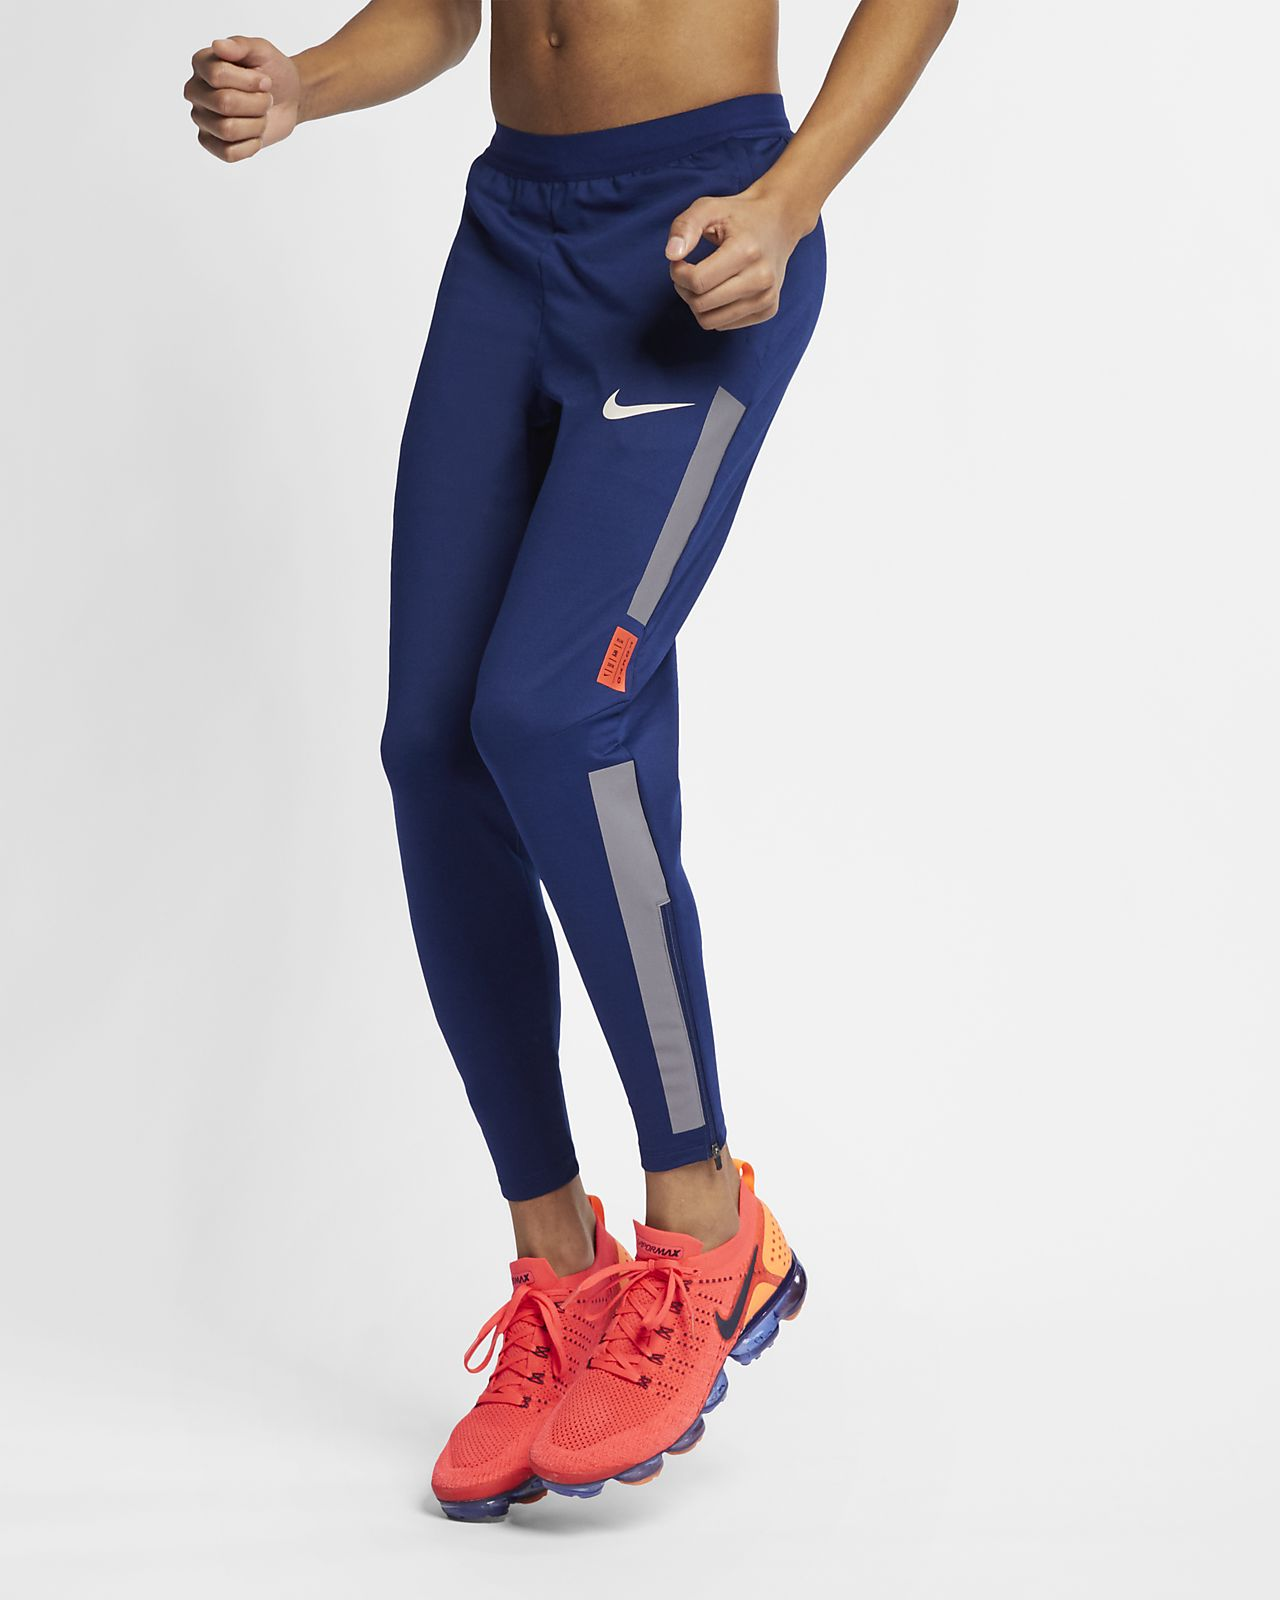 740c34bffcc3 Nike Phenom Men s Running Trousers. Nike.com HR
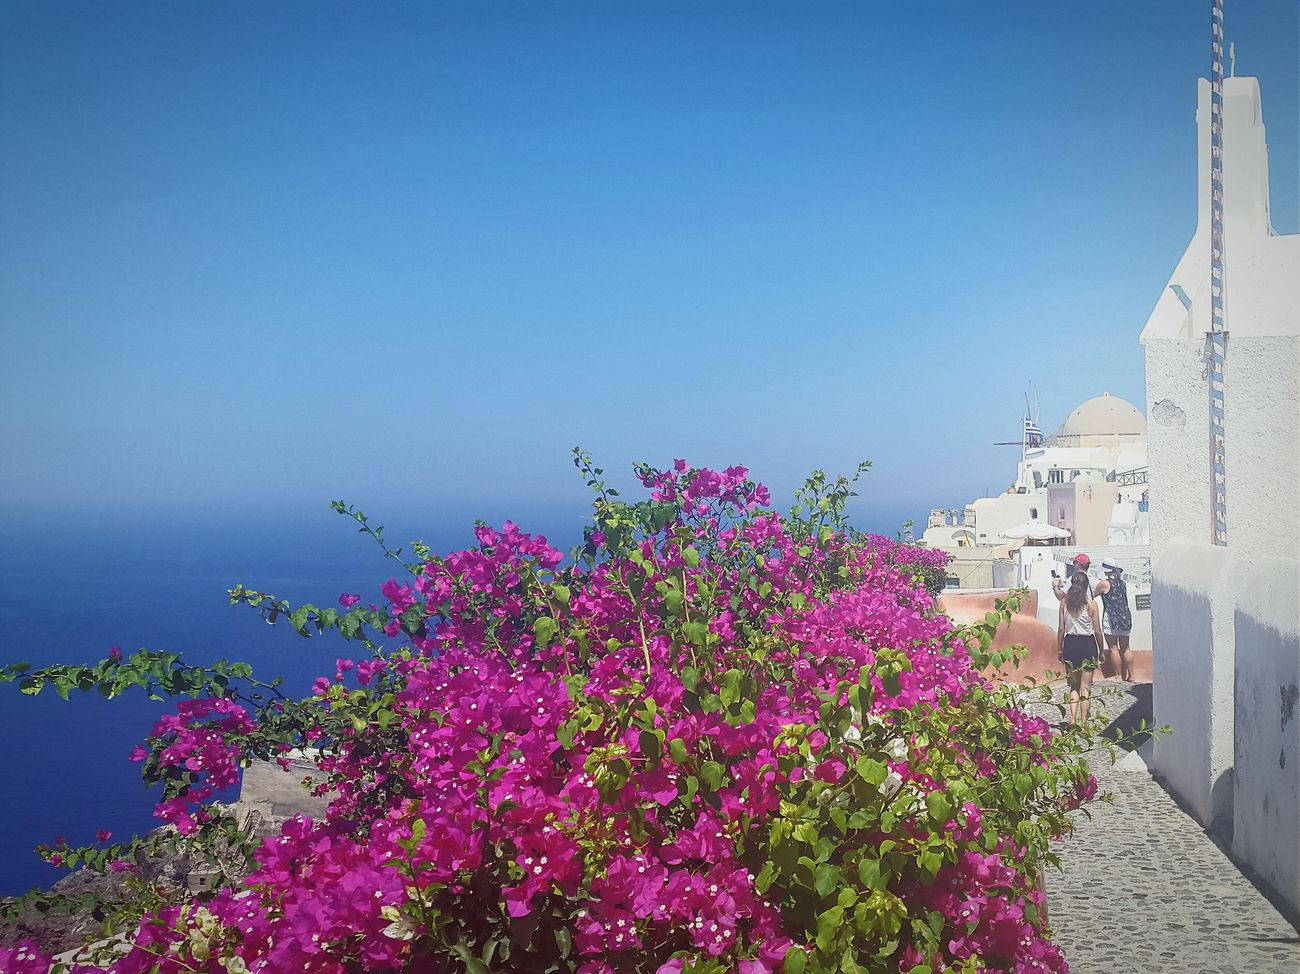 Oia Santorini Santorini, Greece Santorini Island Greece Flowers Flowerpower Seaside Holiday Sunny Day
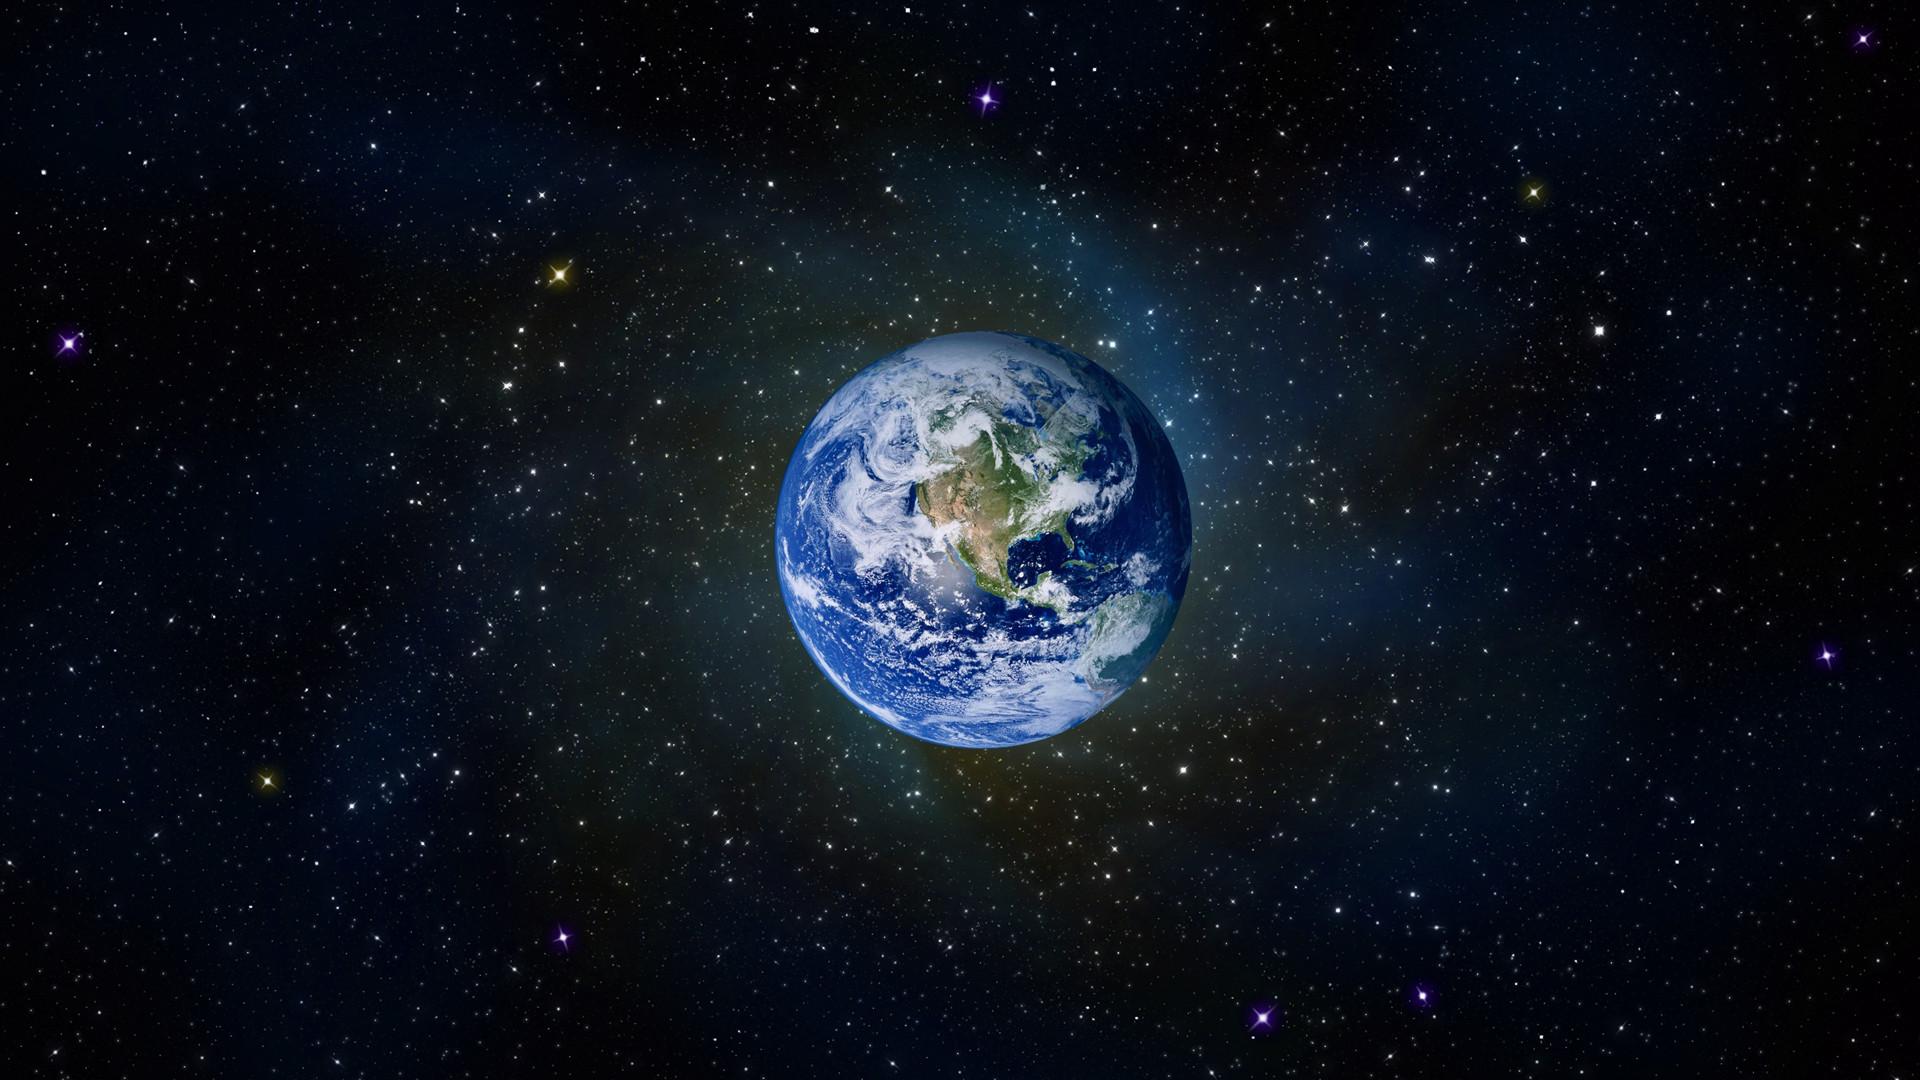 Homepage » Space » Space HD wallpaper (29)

Exercise directions:
The copy must begin at the line containing "Oia Santorini Santorini, Greece" and end at the last line of the data above, with every line retyped exactly and no pictures included.

Solution to this exercise:
 Oia Santorini Santorini, Greece Santorini Island Greece Flowers Flowerpower Seaside Holiday Sunny Day
 Homepage » Space » Space HD wallpaper (29)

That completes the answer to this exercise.